After a year, the bank will transfer your money to the Instant Isa Saver, which pays out just 1.15% on balances up to £9,999, 1.25% on balances between £10,000 and £49,999, and 1.6% on £50,000 or more.
National Triple Access Online Isa, which was on sale at 4.25% this time last year, has now fallen to 4.1%.
After a year, your money will be transferred to a regular Instant Isa account with the building society, which pays just 2.05%. This low interest rate will fall even further to 1.8% in early February.

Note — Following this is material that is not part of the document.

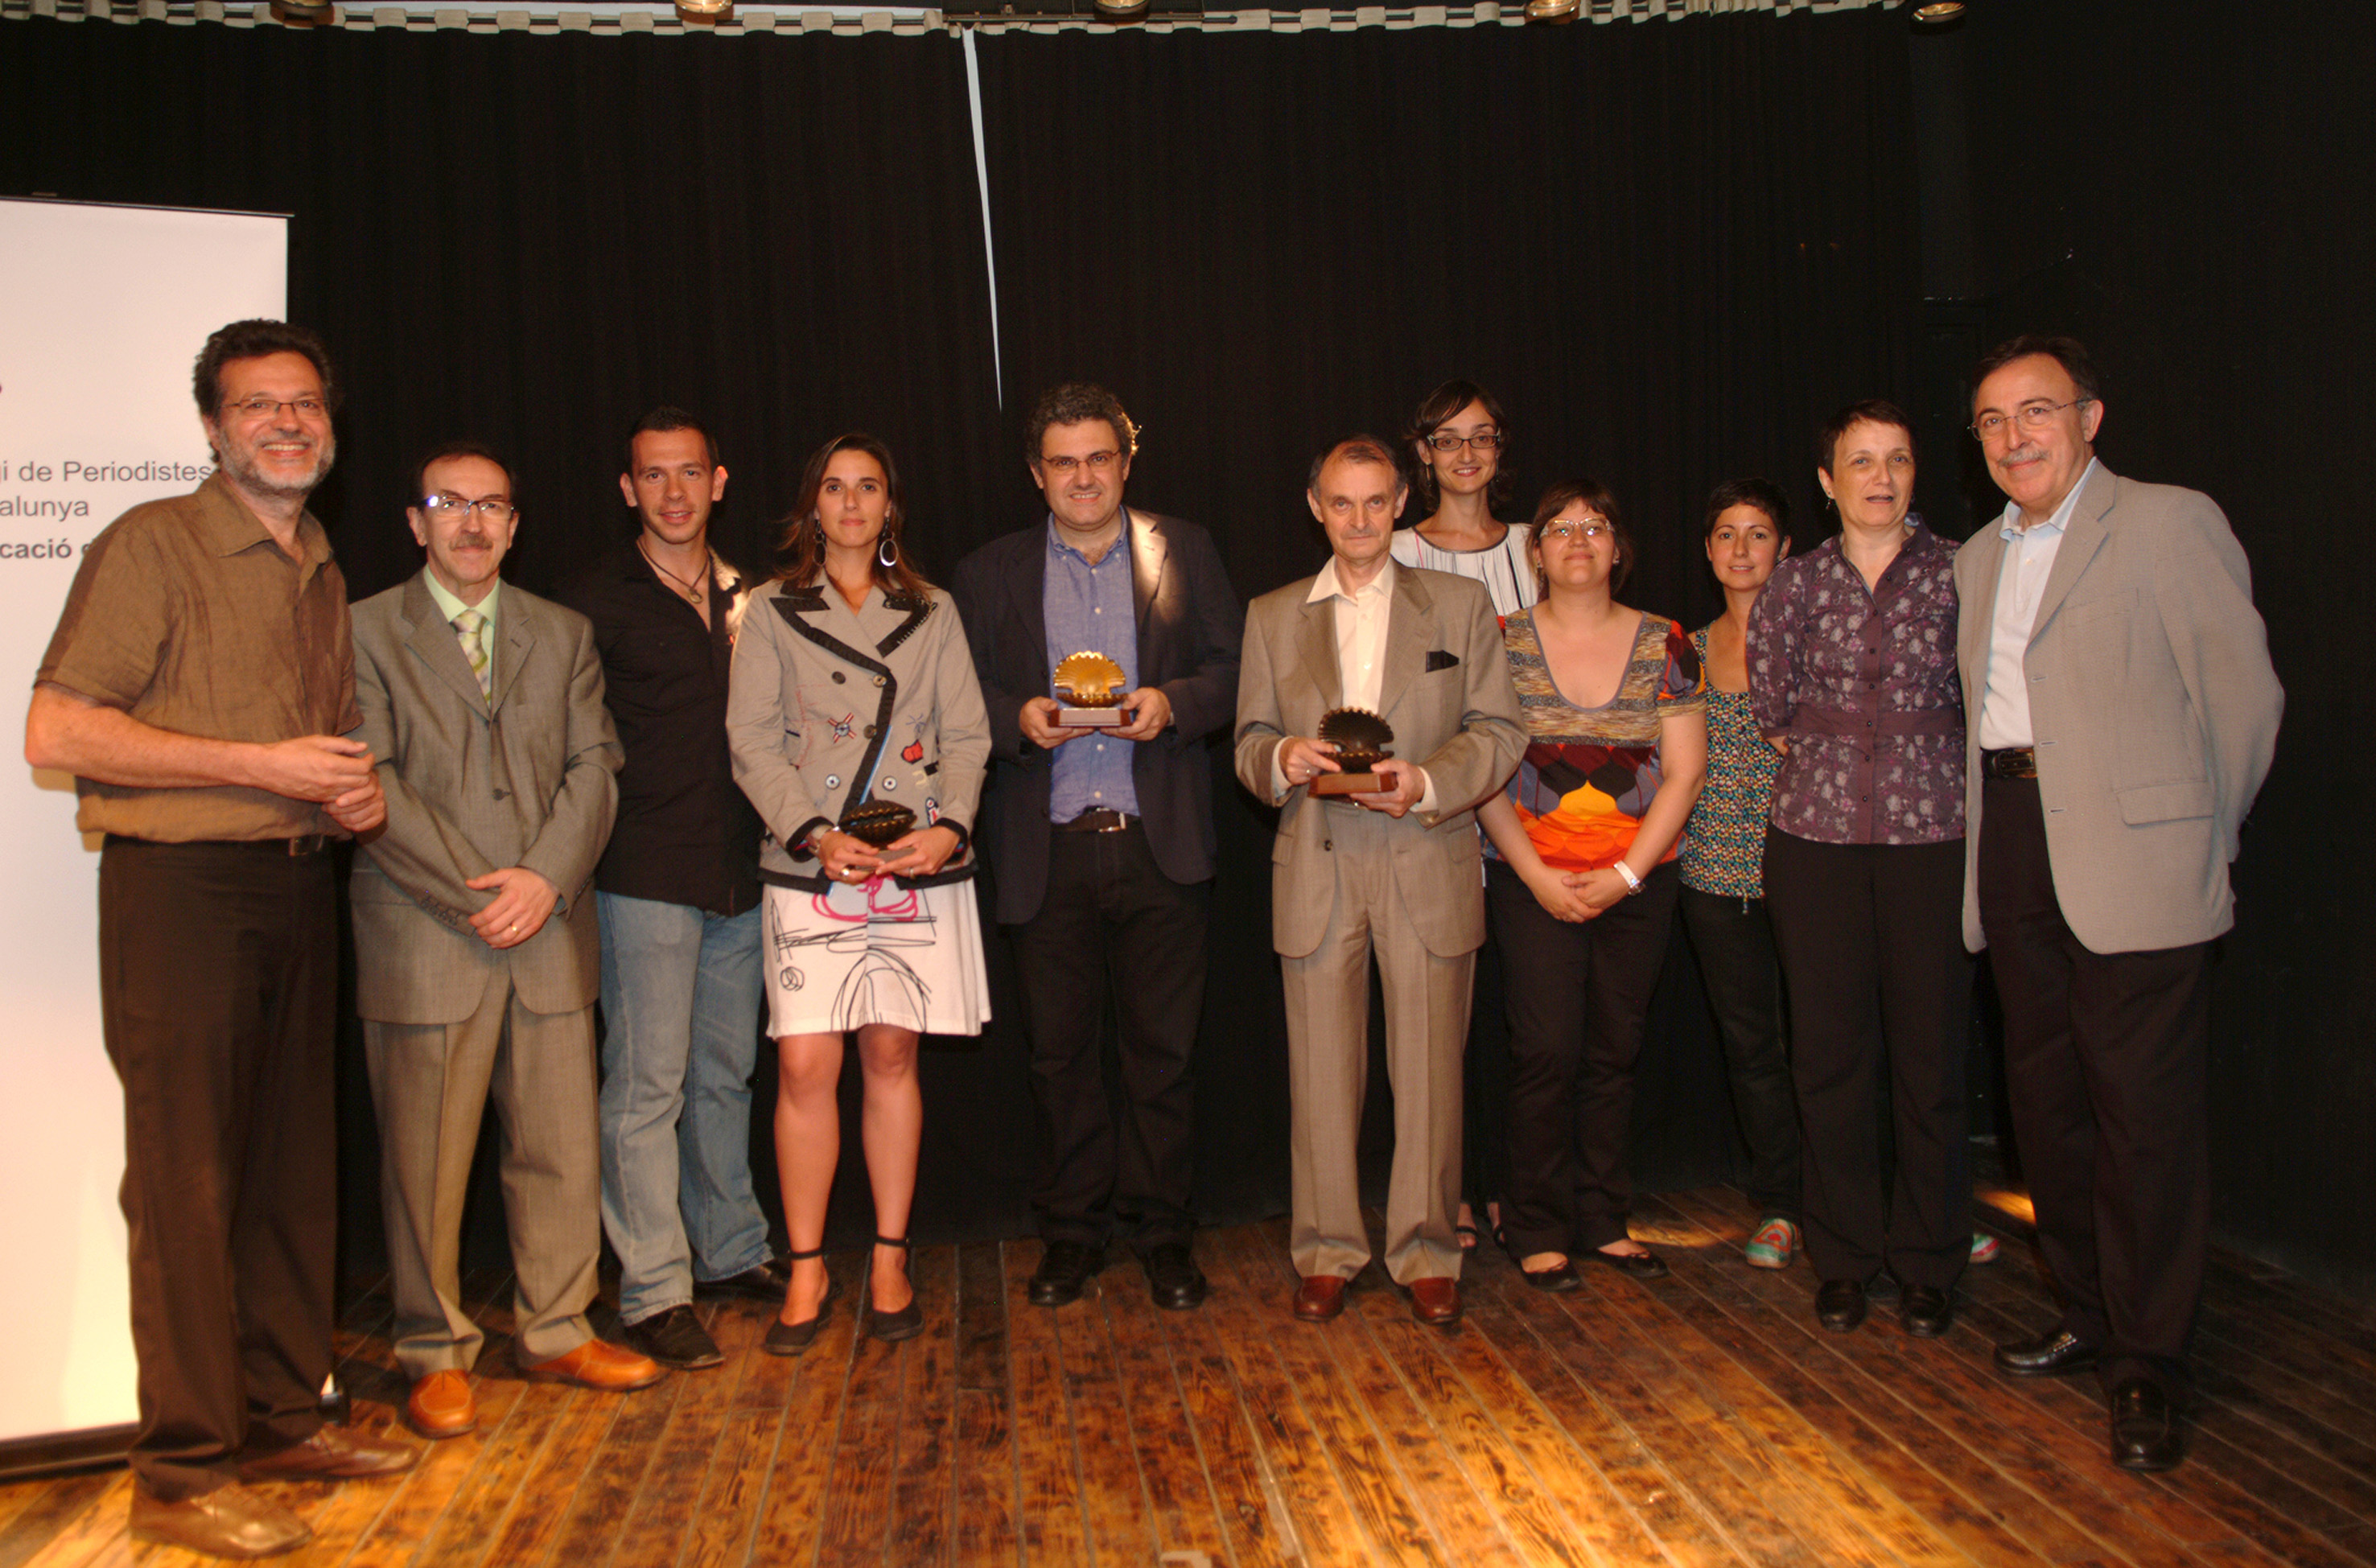 Lliurament Petxines 2009 amb el president de l'Audiència, Antonio Carril (oberta), el periodista Xavier Bas (daurada) i l'oficina de comunicació dels Mossos (tancada), acompanyats dels finalistes
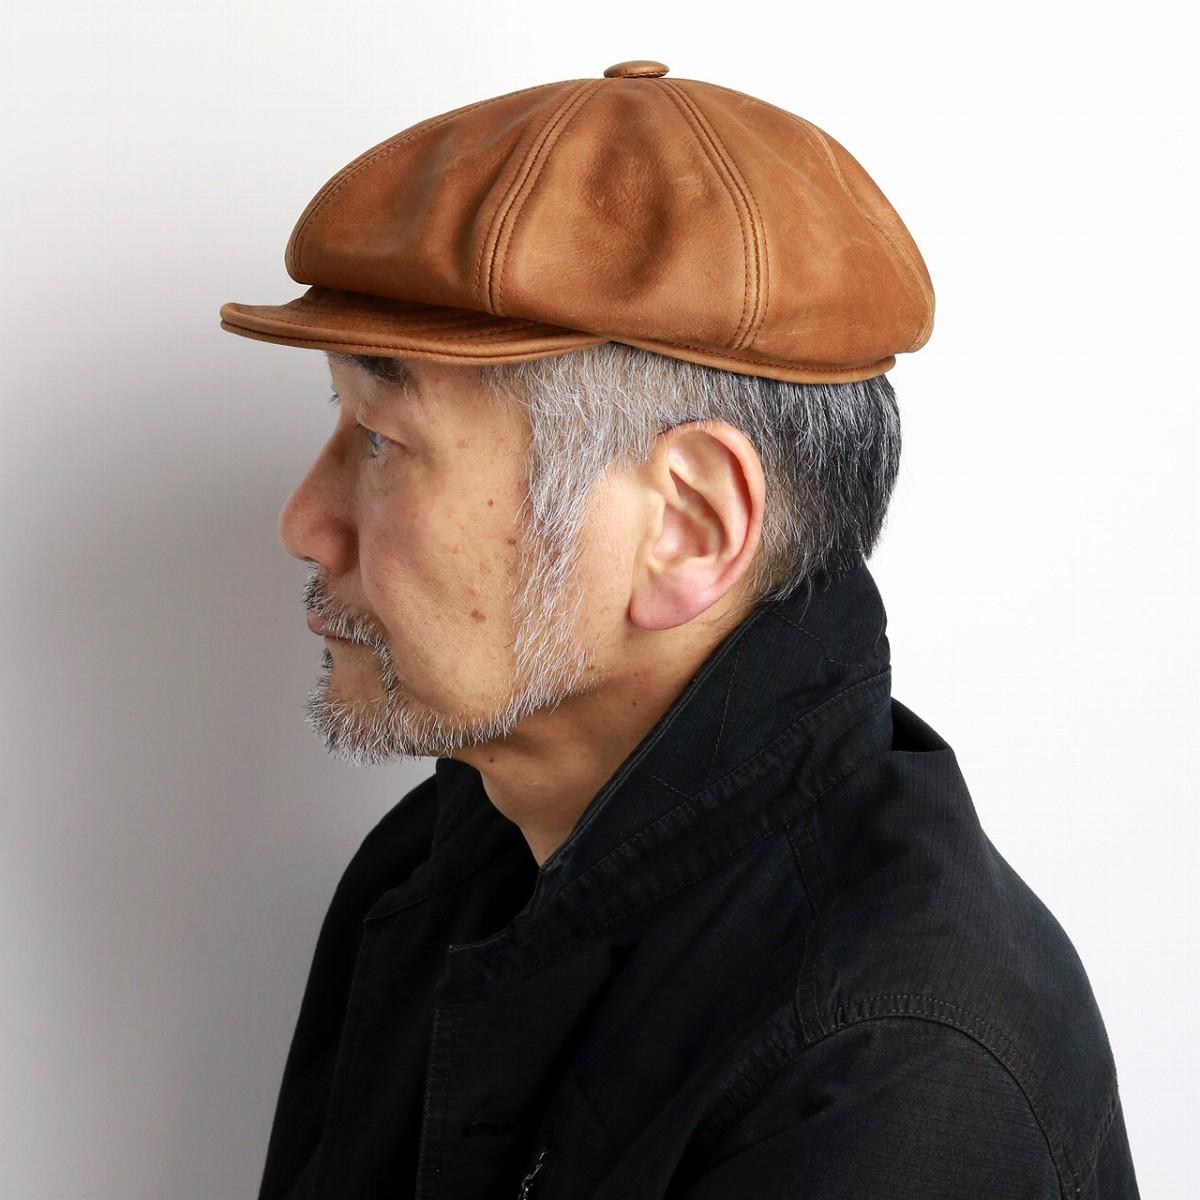 NEW YORK HAT ( ニューヨークハット ) ヴィンテージレザー キャスケット Vintage Leather Spitfire レザー メンズ 大きいサイズ レザーキャップ 9223 ラスト RUST [ ivy cap ]

If you were lured by Marcus’s Cash Isa’s 4.75% rate last year, log into your account and renew your bonus. What is unusual for banks and building societies is that you can do this when the bonus runs out, if there is still one on offer.
That rate of 4.75%, including the bonus, has now fallen to 4.3%. Once your bonus expires, you will earn 3.79pc. You can increase it again to 4.3% in a few minutes by simply extending your bonus.
If your one-year fixed rate Isa is coming to an end, look for the best rates on offer now (4.53% from Shawbrook and 4.52% from Virgin Money).
Your current provider’s rate may not be nearly as competitive as it used to be.
One of these is Tesco Bank, which became part of Barclays in November. Last year it offered a near top rate of 4.9% and now only 4.05%.
To switch Isa, find an account that suits you and then ask the new provider to arrange the move. Don’t do it yourself, because you will lose the tax-free interest status on your money.
While there are still great interest rates available, they are generally not as generous as in January last year, thanks to two cuts to the Bank of England’s base rate, from 5.25% to 4.75%.
Cutbacks among providers followed, the latest of which are now trickling down.
Some have lowered their rates by more than the 0.5 percentage point drop in the base rate, others by less.
But there’s still a big difference between the best paying, easy-to-access cash Isa (5 percent) and the worst (1.15 percent).